Este é um grande desafio. O Papa espera que os pastores “cheirem” como ovelhas, que as conheçam em primeira mão. Não é o mesmo “conhecer” desde um escritório, por relatórios, estatísticas… é deixar que as situações “toquem“, estando presente nelas. Ler notícias sobre a guerra na Ucrânia não é o mesmo que acolher devidamente os refugiados.

Boa parte do tempo do Bom Pastor deve ser dedicada a “sujar-se“, ouvir, acompanhar, cuidar… especialmente das ovelhas feridas. Como é difícil preparar esta homilia, sem conhecer a realidade das pessoas que as leem, ou as que participam da celebração, com tantos rostos anónimos à sua frente…

Um último ponto por uma questão de brevidade: O Bom Pastor é também um “Cordeiro”. A segunda leitura recorda-nos isto. E os pastores, aqueles de nós a quem foi confiada esta responsabilidade no seio da Comunidade Cristã… somos também ovelhas. E também, muitas vezes… ficamos cansados. Disse o Papa Francisco:

As nossas tarefas envolvem a nossa capacidade de compaixão, os nossos corações são “movidos” e comovidos.

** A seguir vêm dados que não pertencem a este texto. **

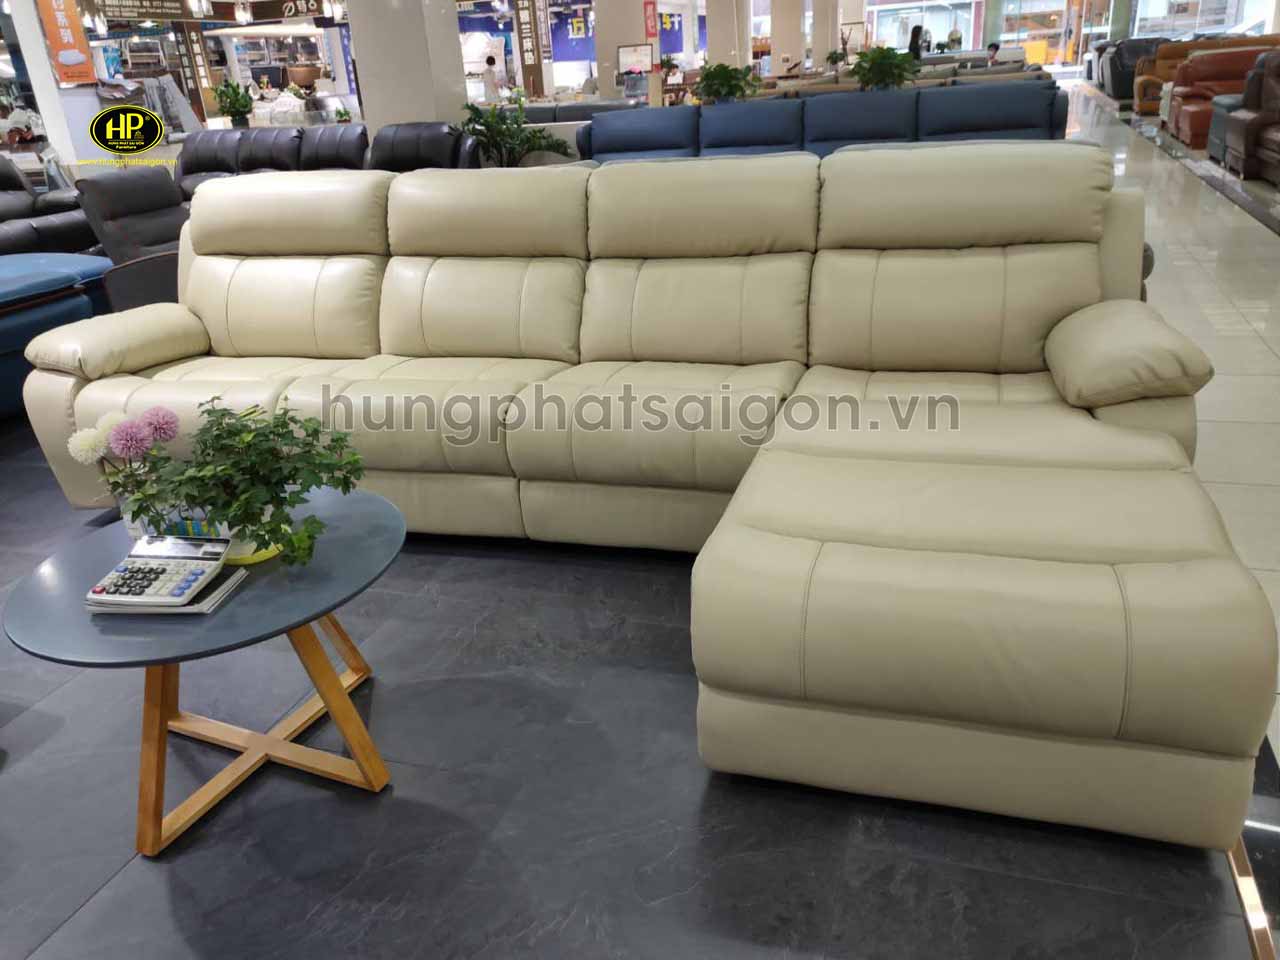 Kinh nghiệm mua ghế sofa Thái Bình giá rẻ và chất lượng

Alegramo-nos com os noivos que se casam, rimos com o bebê que trazem para o batismo; acompanhamos os jovens que se preparam para o casamento e as famílias; choramos com aquele que recebe a unção na cama do hospital, choramos com aqueles que enterram um ente querido… Tantas emoções, tanto afeto, cansam o coração do Pastor.  Para nós padres, as histórias do nosso povo não são um programa noticioso: conhecemos o nosso povo, podemos adivinhar o que se passa em seus corações; e no nosso, à medida que simpatizamos (à medida que sofremos com eles), torna-se desfiado, ele parte-se em mil pequenos pedaços…

Recordando Santo Agostinho: “contigo sou uma ovelha, para ti sou um pastor“. E, portanto, quão importante é a proximidade, o afeto, o interesse, o acompanhamento, pequenos detalhes, paciência, correção fraterna… Também precisamos ser “CUIDADOS“. Jesus cuidou dos seus, mas também precisava de cuidado, proximidade, amizade, descanso com os seus…

Invoquemos a luz do Espírito Santo para que cada um encontre o seu próprio lugar e dê o seu melhor neste grande desígnio divino. Amém.